Запел петух, чудом избежавший фашистской расправы, наступило неизбежное неприветливое январское утро. Настя открыла глаза, ощупью нашла поставленную на полке керосиновую лампу и зажгла ее. Тусклый свет озарил довольно просторный погреб с потолком, покрытым снегом. Вдоль стены стоял закром с картошкой, на котором беспокойно ворочались сонные ребятишки. Неподалеку – деревянные кадки с солеными огурцами, помидорами, кислой капустой и мочеными яблоками.

- Вот и все! – горестно подумала мать, - вот и живи, как хочешь!

Она боязливо влезла на железную лестницу, приоткрыла тяжелое творило, выглянула на улицу и ахнула! Дома, родного дома, в котором знакома каждая доска, не было! На его месте зияла черная груда золы. Только русская печка с высокой кирпичной трубой непреклонно и гордо бросала гордый вызов фашистам.

- Слава Богу, жива, моя кормилица! – подумала Настя, - теперь мои дети не замерзнут!

Она бережно сняла с неё чугунную плиту с кружками, заслонки, духовку и отнесла в погреб. Потом отыскала в сохранившемся сарае длинную слегу от саней, подошла к печке, уперлась концом слеги в трубу повыше и завалила легко поддавшуюся трубу на печке. Та с грохотом завалилась навзничь. Погорелица стала выбирать и отбрасывать сохранившиеся кирпичи, очищая их от копоти и штукатурки. Пока дети спали, Настя приготовила целую груду крепких кирпичей для новой печки. Заиндевевшая от мороза, с почти отмороженными пальцами, мать вернулась в погреб, одела потеплее старших детей и уже с ними перетащила кирпичи в погреб. Отдохнув, она взялась за строительство печки. Накопав глины , которой под ногами в погребе было сколько душе угодно, она выложила печку и подвела кирпичную трубу к вытяжному отверстию в потолке погреба. Все! Можно зажигать! На улице уже вечерело. Дети, которые за день поели только кислой капусты, замерзли и просили тепла и ужина. Павлуша принес заготовленные накануне дрова, и печка, прогретая зажженной берестой, заворковала, пощелкивая березовыми поленьями, заиграла пляшущими бликами по потолку погреба, неся долгожданное тепло замерзающим детям. Тут же была сварена долгожданная сытная картошка. Все заговорили, засуетились, заулыбались. Девочки наладили складной столик, мальчики внесли по частям три железные кровати, на которые мать тут же наложила перины, одеяла, подушки. Долгожданное тепло разлилось по землянке. Быстро растаял снег на потолке, подсохли было отсыревшие на картошке перины и одеяла, а над новоиспеченной печью уже сохли носки и обувь домочадцев. Погреб медленно просыхал, в нем становилось теплее и уютнее. Покормив детей горячей картошкой, напоив кипяточком, мать уложила детей по кроватям, а сама улеглась на картошке. Следующая ночь после пожара уже не была такой страшной и безысходной, как первая: у семью появилась кормилица – печка, а с ней не страшен никакой мороз.
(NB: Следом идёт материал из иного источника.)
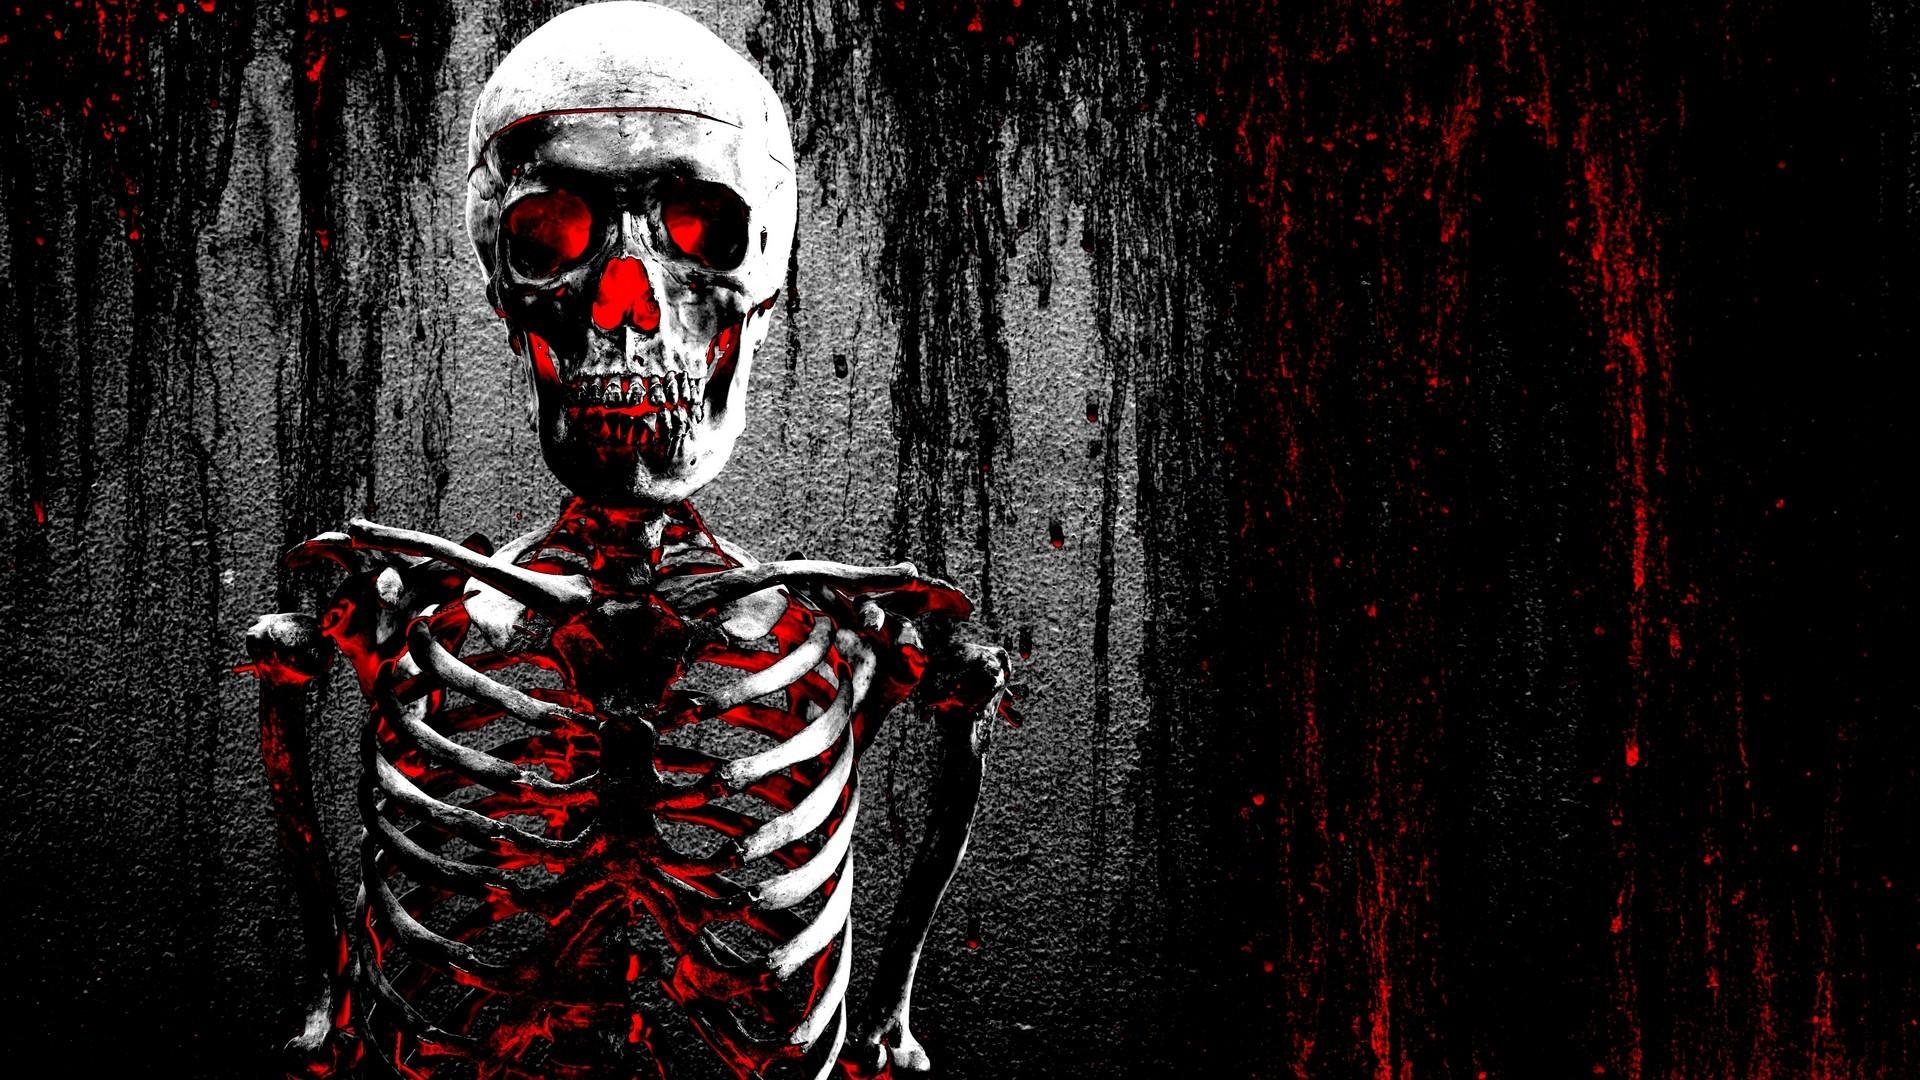 Skeleton wallpaper download free cool hd wallpapers for - Skeleton wallpaper ...
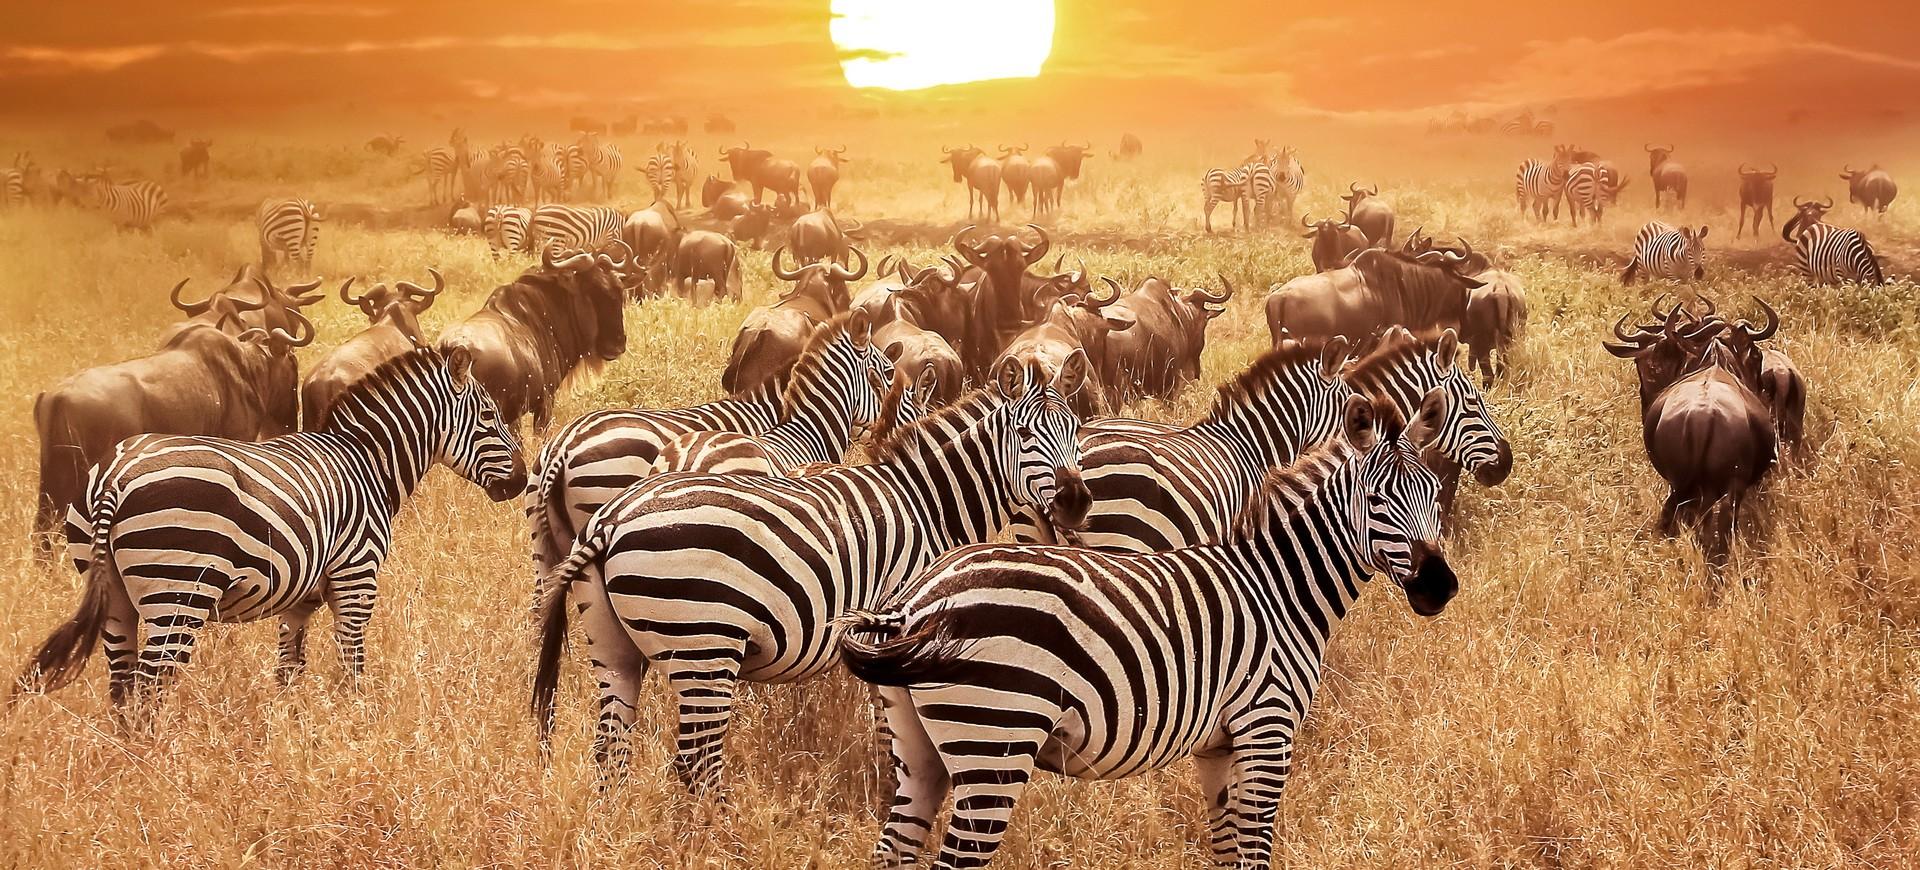 Zèbres dans le Parc Kruger

Утро принесло новые события: наступавшие советские войска выбивали из поселка фашистов, которые ожесточенно сражались, не желая потерять контроль над станцией союзного значения. Канонада боя слышалась то с одной, то с другой стороны села, скрежет танков перемежался с грохотом залповых орудий. Было и страшно и весело: наши идут! Два дня слышалась то там, то тут перестрелка! Два дня семья Настены носу не казала из своего убежища. Но наступила тишина, надо было вылезать на свет Божий! Один за другим, щурясь от яркого январского солнца, семья вылезла из погреба: нужны были дрова, а за ними надо идти в лес. Да мало ли чего было нужно! Кончался керосин, в огне пожара сгорела мука и крупы, там же сгорело до тла и сало, припасенное на зиму. Из еды была одна картошка и помидоры с огурцами. Все! А до лета еще жить и жить!

Взяв огромные сани ( благо они хоть уцелели!), топоры и веревку в сарае, Настя с Павлушей пошли в лес за дровами. До обеда они пилили, рубили и складывали дрова, которые Паша по мере укладывания на сани, таскал домой. Вернувшись из очередного рейса, Павел, испуганно озираясь, шепотом сказал:
- Ма, я ща видел у сугробе фрица! Ей Богу, это фриц!
- А почему ты думаешь, что это фриц? – спросила мать тоже почему-то шепотом.

- Та тока у фрицев такие сапоги, кожаные! – завидуще протянул сын, который ни разу не носил таких сапог: все в кирзаках да в кирзаках.

- Да? – неопределенно протянула мать, обдумывая то, что услышала.

Наконец дрова были заготовлены почти на неделю. Можно было возвращаться домой. По дороге сын показал то место, где видел фрица. Настя пригляделась и увидела не одного, а несколько трупов под сугробами снега.

- Своих-то, наверное, забрали, а этих оставили здесь!- подумала мать, налегая на веревку, привязанную к тяжелым груженым саням.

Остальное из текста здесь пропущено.